February has been my least active month on my blog and on the communities (forums, other blogs,…) since I started blogging. I’m not losing passion, it’s simply a too intense period of my
Stardew Valley farm life.
Anyway, good news:
- A book featuring me has been published!
- Financial Independence Week Europe (FIWE) 2017 has been announced! I’ll be there for sure during the 3 main days and probably few days more to hang out with bloggers and participants! Follow the link if you want to join us! We’re going to Timișoara (Romania) in September 2017!
How was your February?
All the best with the wedding preparations…

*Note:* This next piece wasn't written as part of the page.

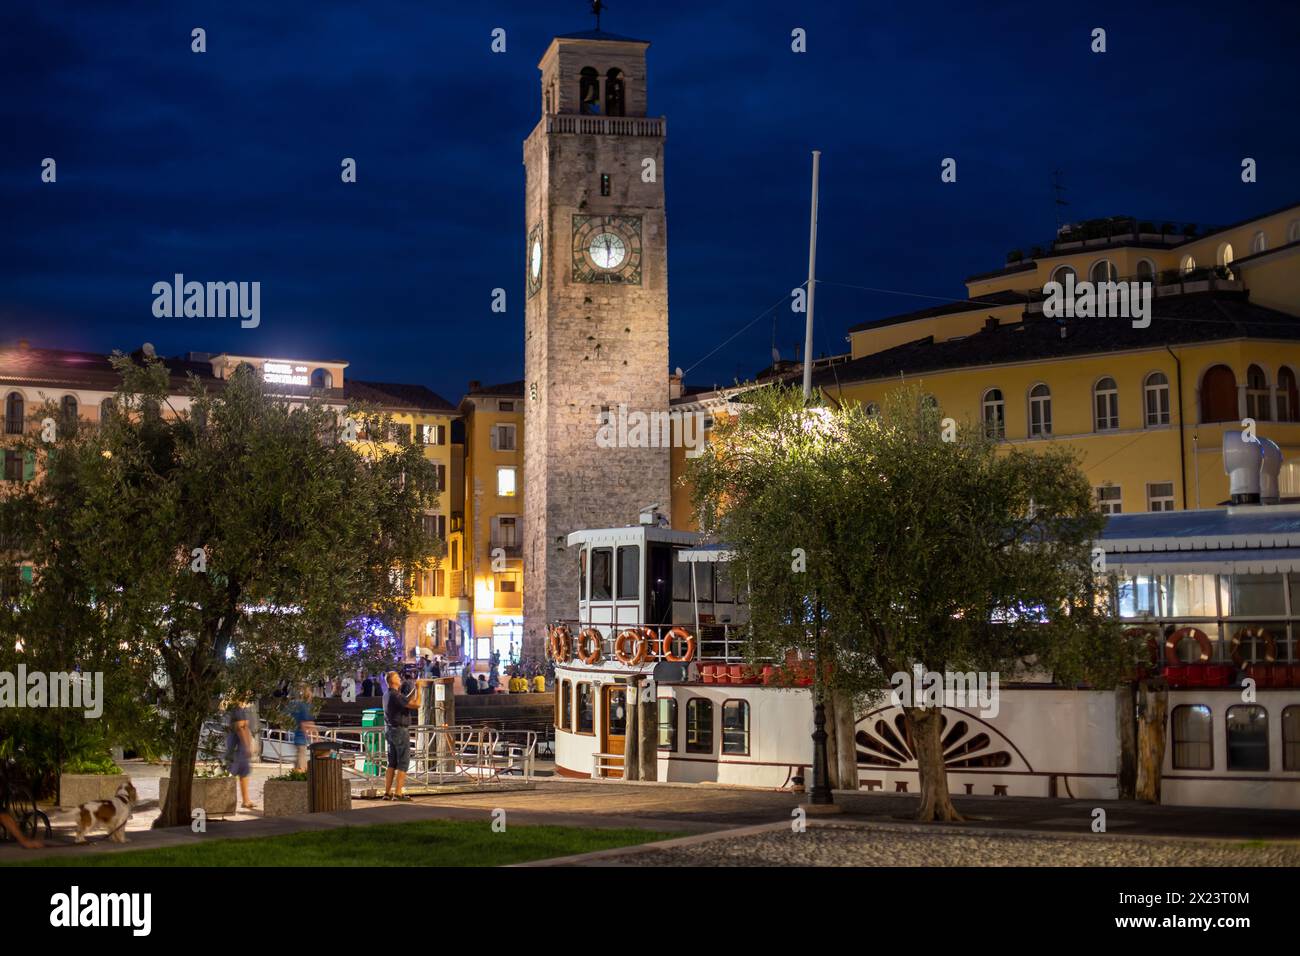 Le port de Riva del Garda la nuit, lac de Garde, Italie Banque D'Images

Rebalancing your HOOLi stock into something else is probably a wise thing to do. There are too many stories of people that are all in ont their company and when things go wrong, they end up empty handed… Sadly, I have seen colleagues that lost a lot of their life savings in the 2008 financial crisis. Why: too loyal to the employer…
I know your plan is to go back to Italy, but if you were to hypothetically retire in Switzerland, which canton would you choose to live in? How would the tax situation look? How would expenses compare to Italy if rent weren’t a factor?
Nice question. I’d choose the Ticino Canton for language reasons. I’ll write a post about it, but I need to do adequate research.
Have you ever tried flixbus to go to milan?
Nope, I didn’t and… I should!
Thanks for the suggestion!
Congratulations on your wedding in this month and hope you come with the great content to the blog and involve actively.
Thanks! I hope to come back soon too! Life’s so intense these days 🙂
I have a dumb question, out of curiosity: looking at your investing sheet, you have around 30% of your assets in bonds. I guess part of it is your “Swiss retirement pillars”.
For the rest, why investing in physical bonds and not in bonds-oriented ETFs? Just curious about that, since you seem to like ETFs a lot.
Hi Reitsman, yes, 30% are “bonds”. Part of it is Swiss pillars, I’d say ~100% of it. The target is 25% so I should actually stop contributing. I do max out P2 and P3 contributions (and do P2 buy-ins) just to save taxes. If I’ll move somewhere else (Italy?) and cash pillars out, then I’ll surely buy bonds ETFs.